**Task to complete**
The answer is the line with "Schier endlos weit" and every line after it to the end of the listing, retyped exactly. Pictures do not belong in it.

**Source data**
——
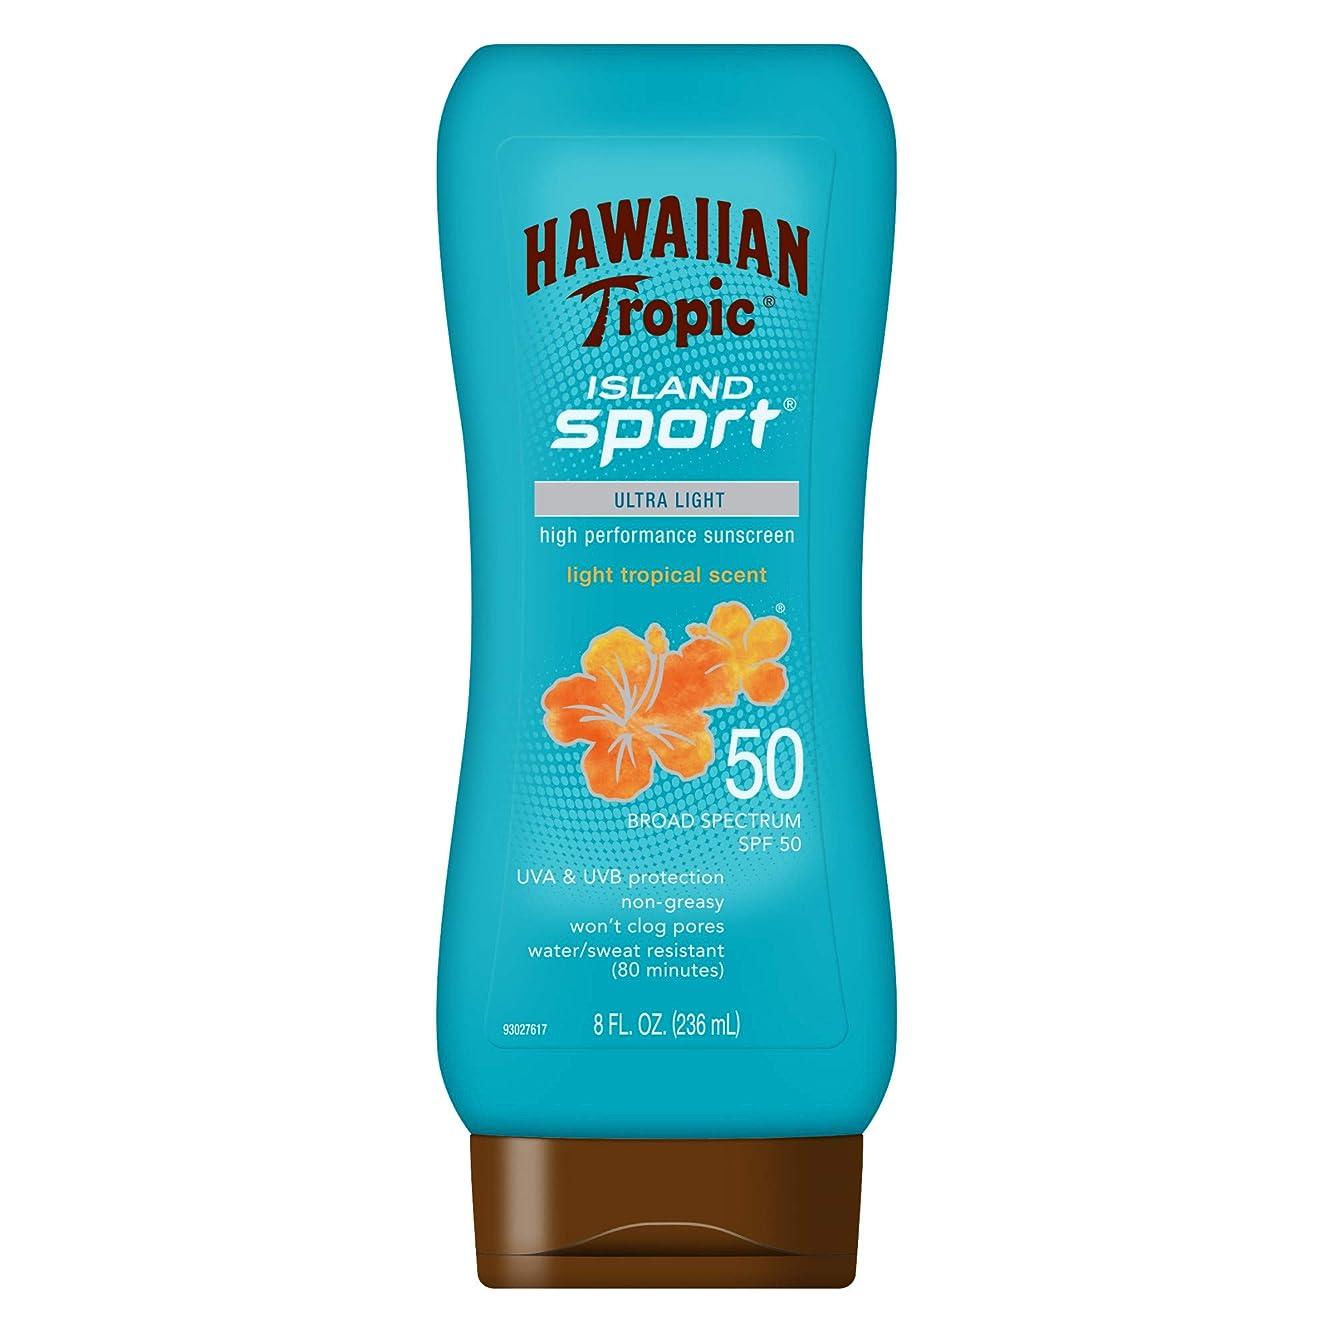 休暇落ち着かないメイエラHawaiian Tropic アイランドスポーツ広域スペクトル日焼け止めローション、SPF 50-8液量オンス
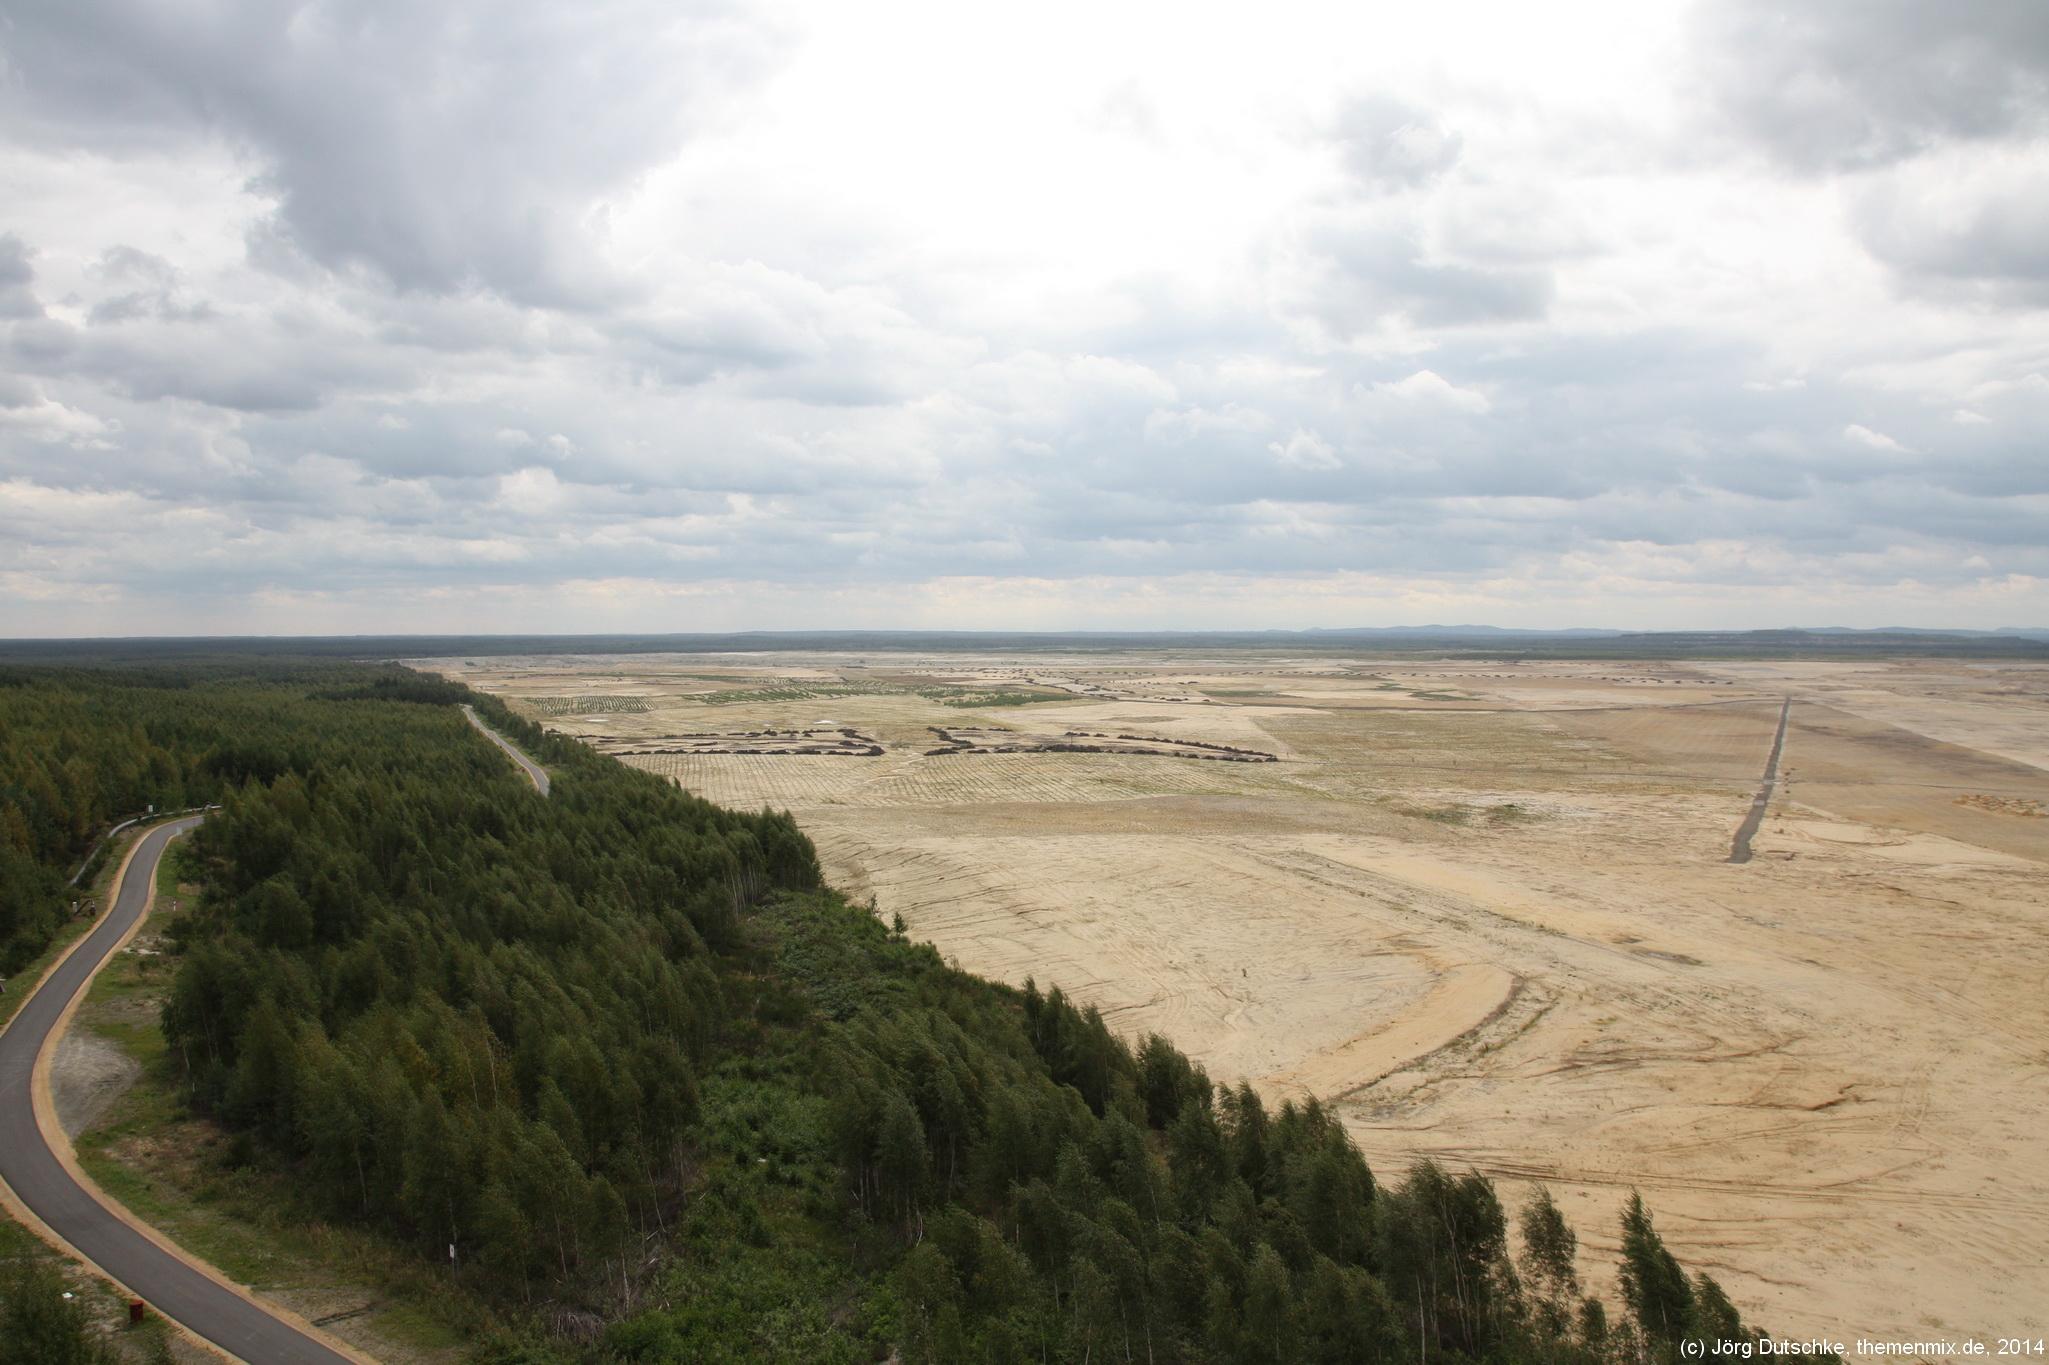 Schier endlos weit nur Ödnis: so sieht die Landschaft aus, wenn ein Braunkohlentagebau abgezogen ist.
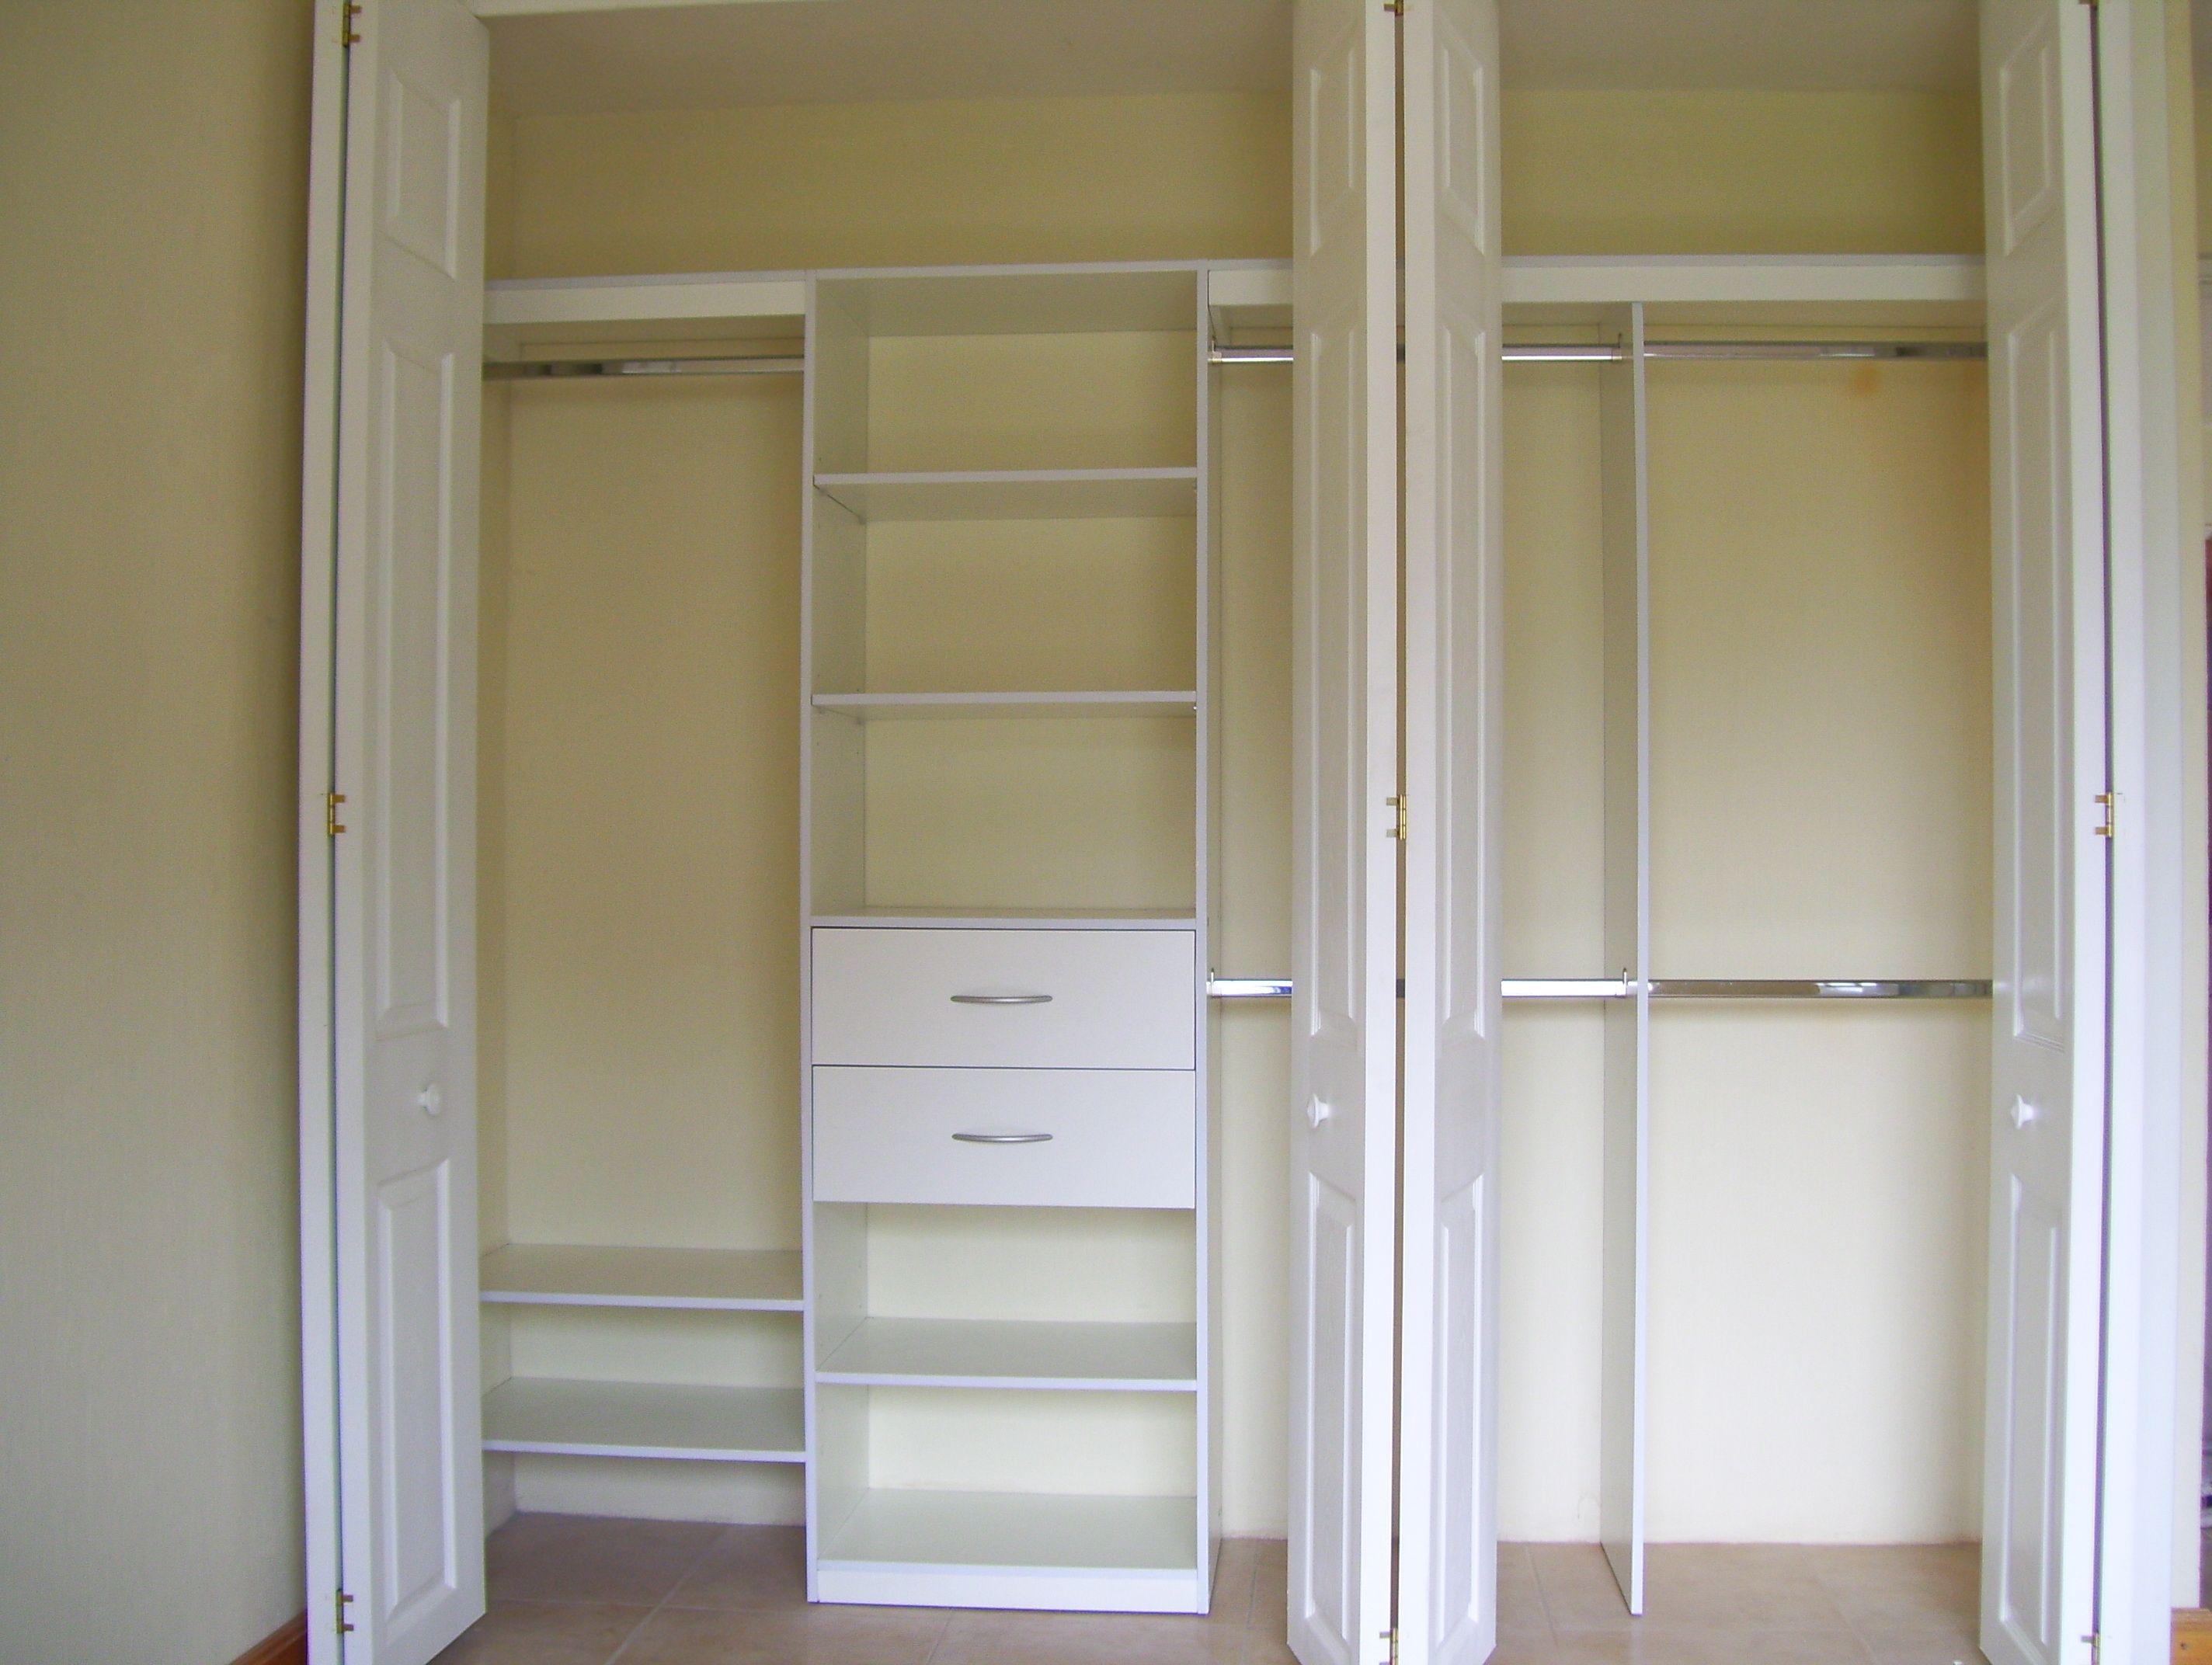 Puertas de closet plegables buscar con google cuarto for Puertas para dormitorios
——
**Solution to this task**
 Schier endlos weit nur Ödnis: so sieht die Landschaft aus, wenn ein Braunkohlentagebau abgezogen ist.
 Puertas de closet plegables buscar con google cuarto for Puertas para dormitorios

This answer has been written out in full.